In a few minutes Hazel found herself sitting on the girl’s lap nibbling a cauliflower stalk. It was very consoling to be free again, and I am sorry to say that in the excitement of the moment, Hazel also made a rather large puddle over the girl’s dress.
‘Never mind, Hazel. This is not the dress which I am wearing to my birthday party tomorrow. Do you know what Mum is giving me for my birthday, Hazel? She says it’s a surprise. But now that you are safe and well, I can’t imagine a nicer present than you, dear Hazel; just you, safe and well again after your adventure.’

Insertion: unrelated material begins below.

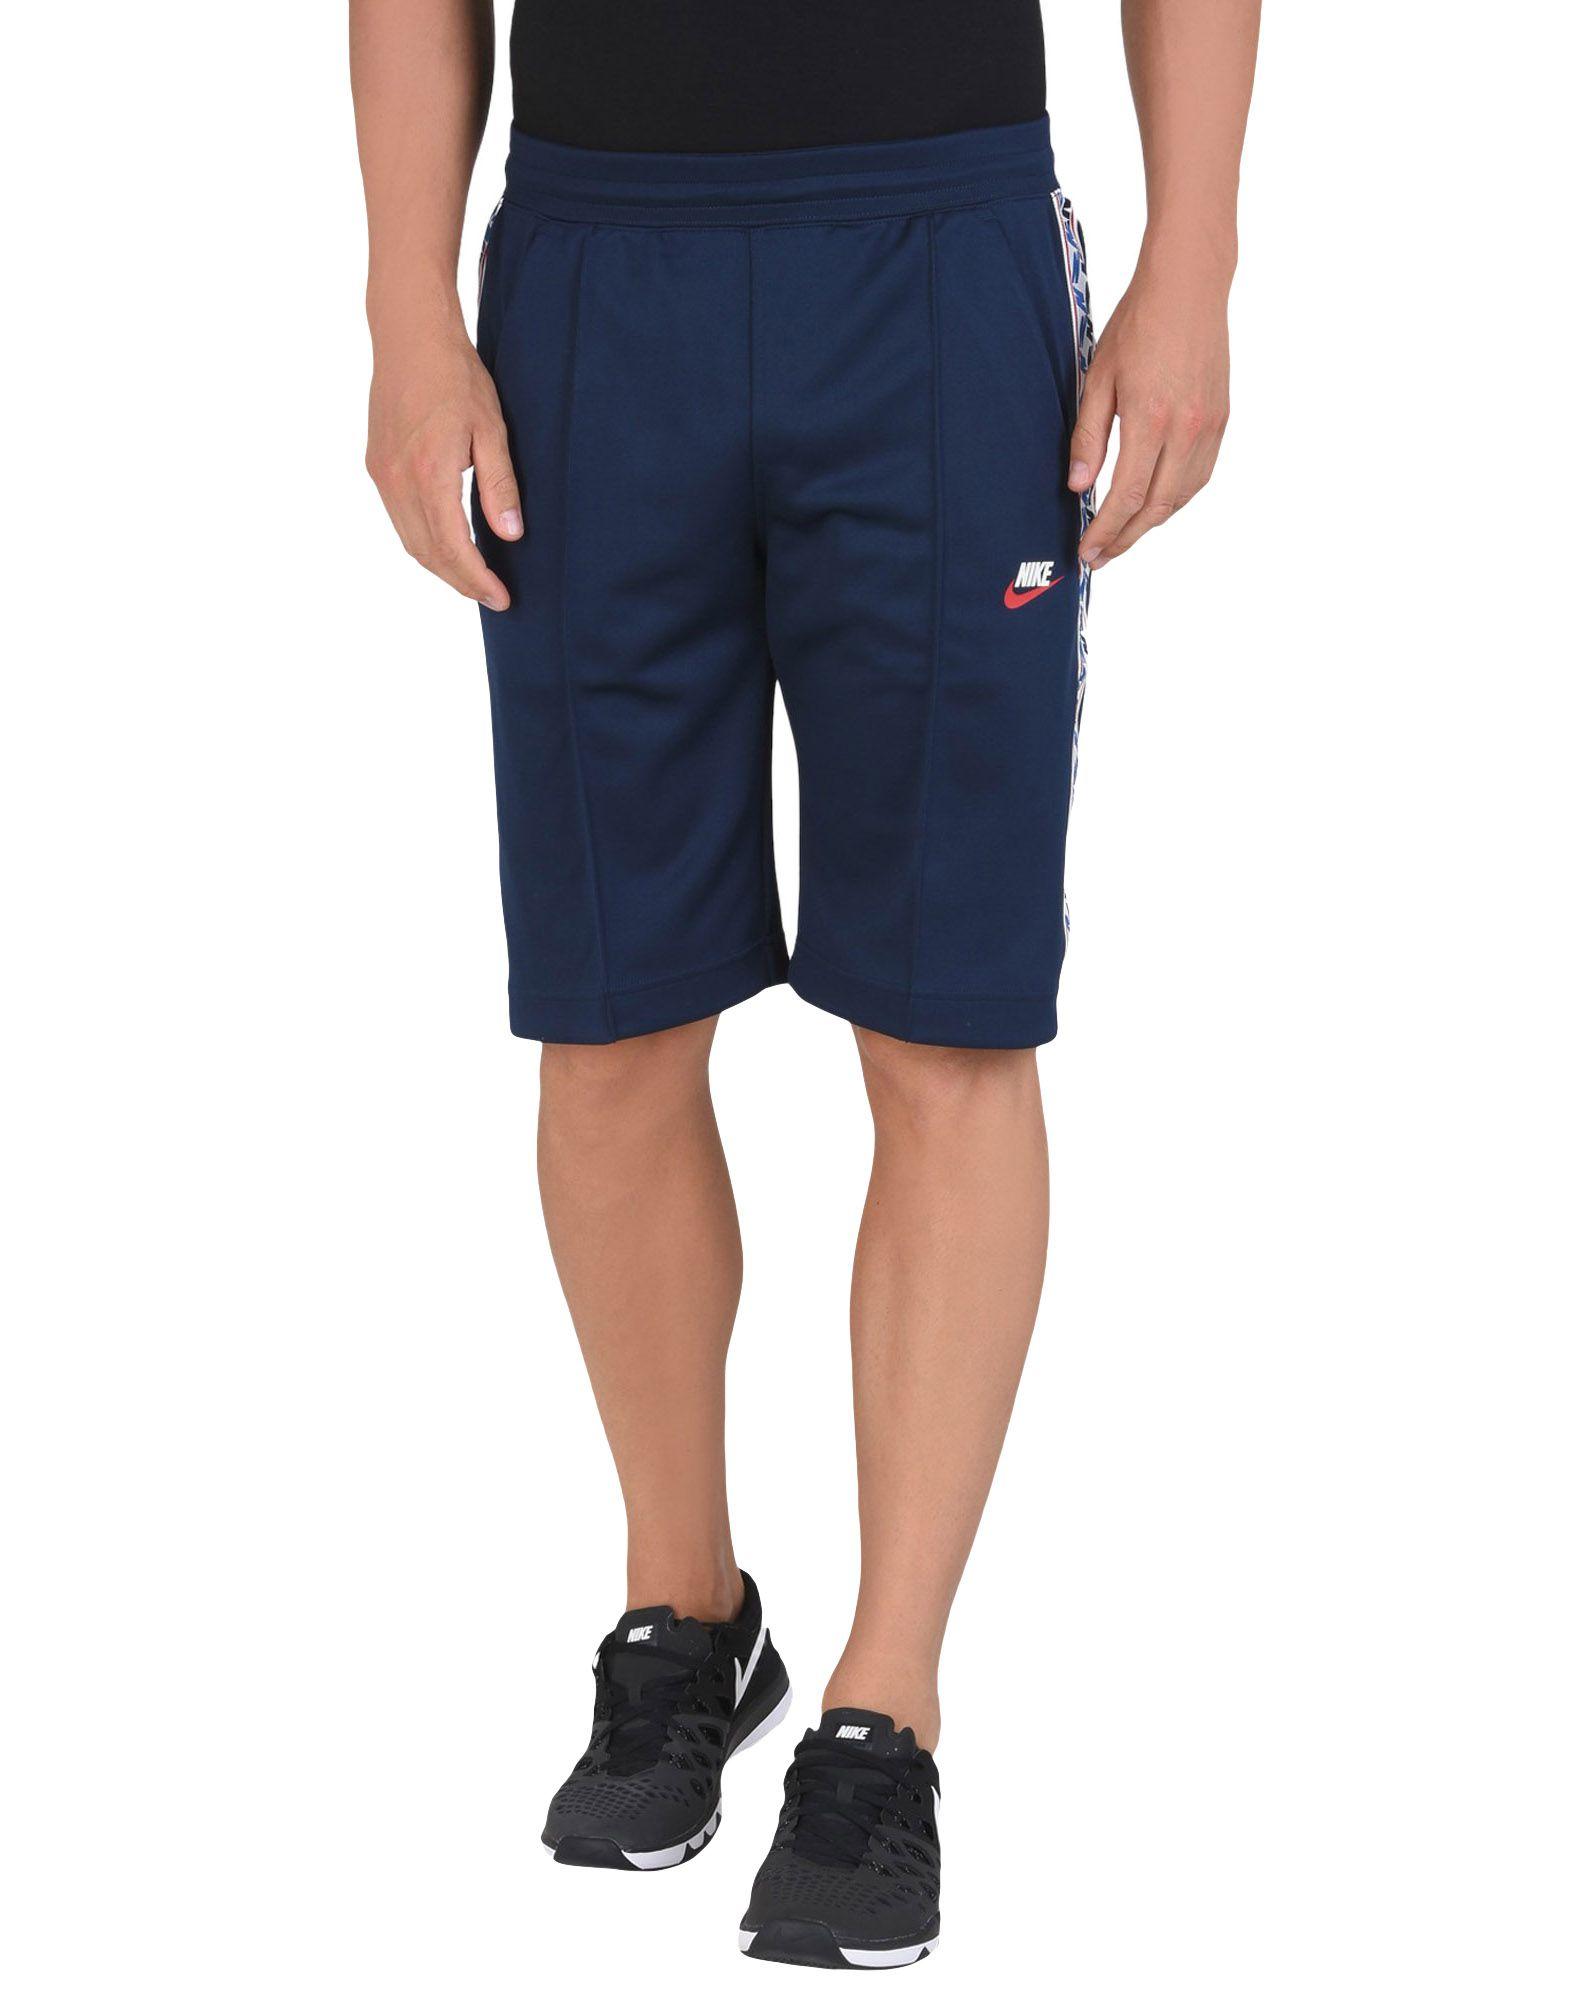 Pantalone Sportivo Nike Nike Taped Short Poly - uomo - 13206420AM  günstigere preise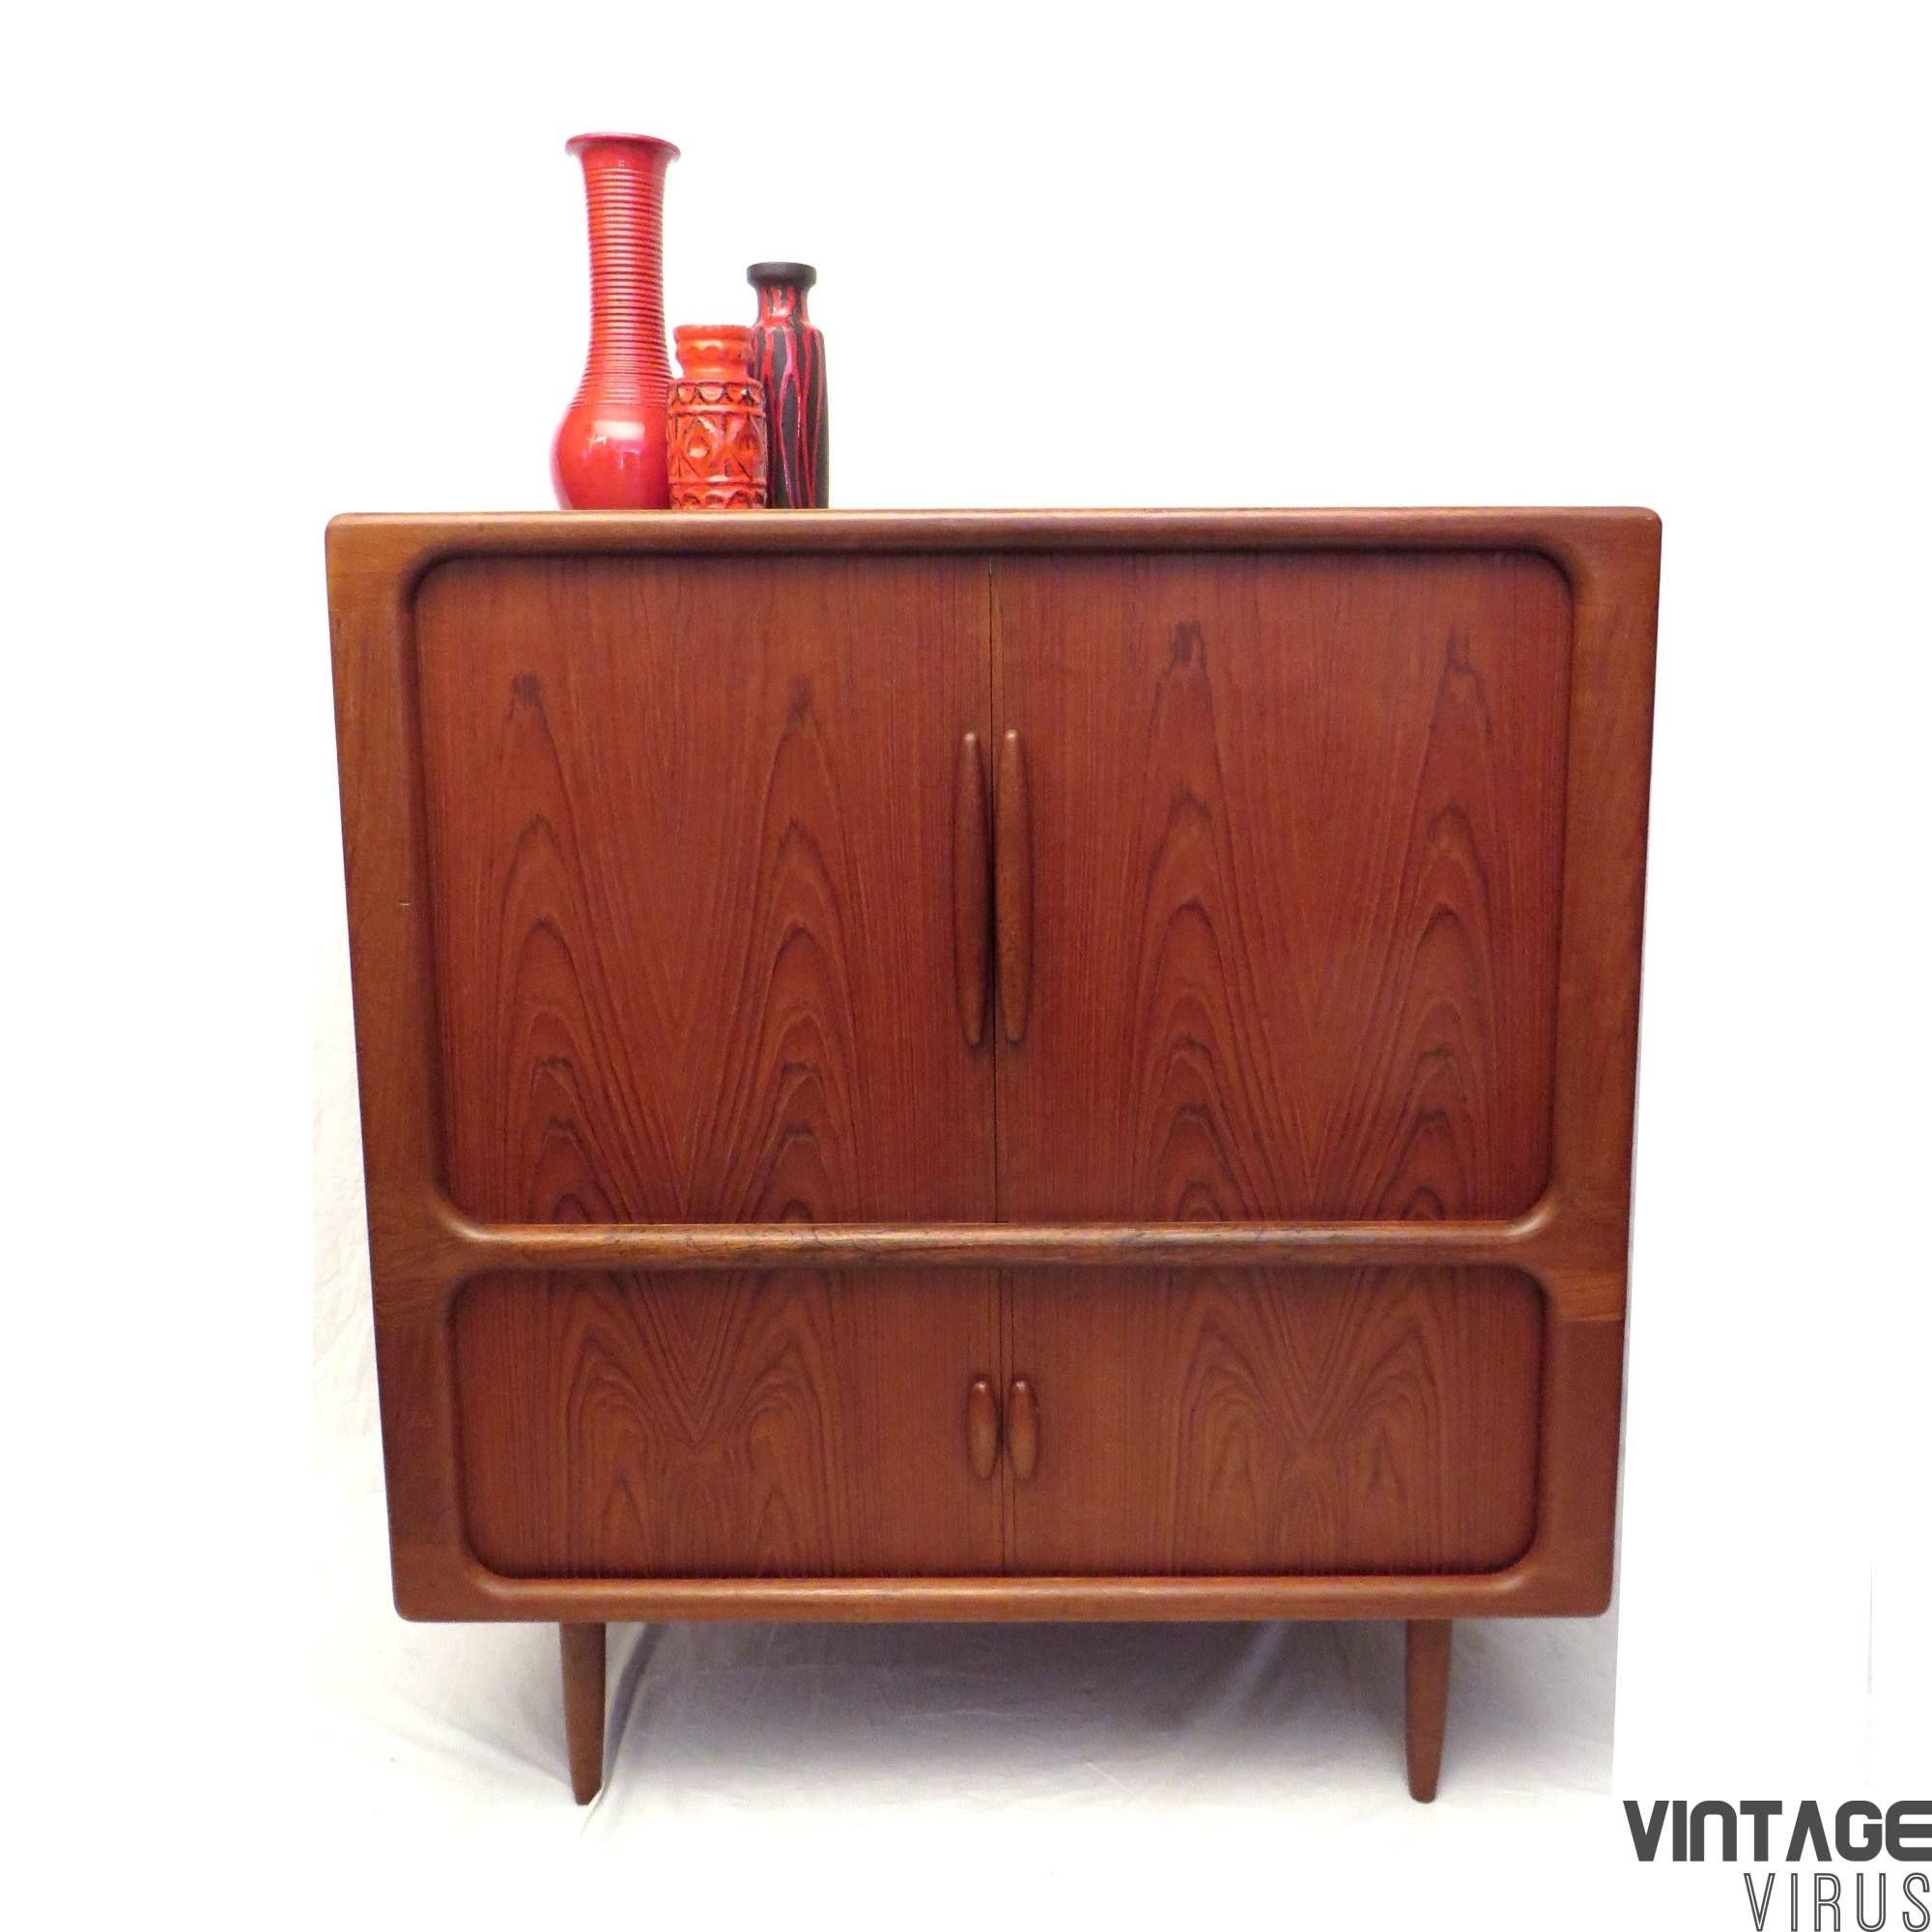 Grote Vintage Deens Design Dressoirkast Televisiemeubel

Well, an adventure was one thing you could call it. Hazel was not sure, but she thought you could easily call it an adventure. As for birthday presents, she did not know about those. At the moment, she was finding the cauliflower stalk most sustaining. When she had eaten enough, she burrowed once more into the girl’s jumper. Now, what was it she had been looking for when she first set out to explore and got stuck in that horrible tunnel?
Coming back into the kitchen a few minutes later, the boy said, ‘I’ve put the boot in an old plastic bag and hidden it in the dustbin. The dustbin men come tomorrow.’
‘And tomorrow is my birthday!’ said his sister. She was happy now. All her tears were dry.
‘I don’t know what I’m supposed to wear when it next rains,’ said the boy. ‘But it is true that those boots were getting tight for me and one of them leaked. Mum keeps saying she’ll get me some new ones, but she never remembers.’
Just then they heard the squawk and squeak of their mother’s bicycle brakes. Looking through the window, the boy saw his mother leaning her bicycle against the far wall at the end of the garden and hurrying into the shed where Hazel’s hutch was kept.
‘Mum’s back,’ said the boy. ‘Here she is, coming down the garden path. And it looks as though she has a parcel for your birthday.’
‘Is that my birthday present, Mum?’ asked the girl when their mother came indoors and placed a large bag on the kitchen table.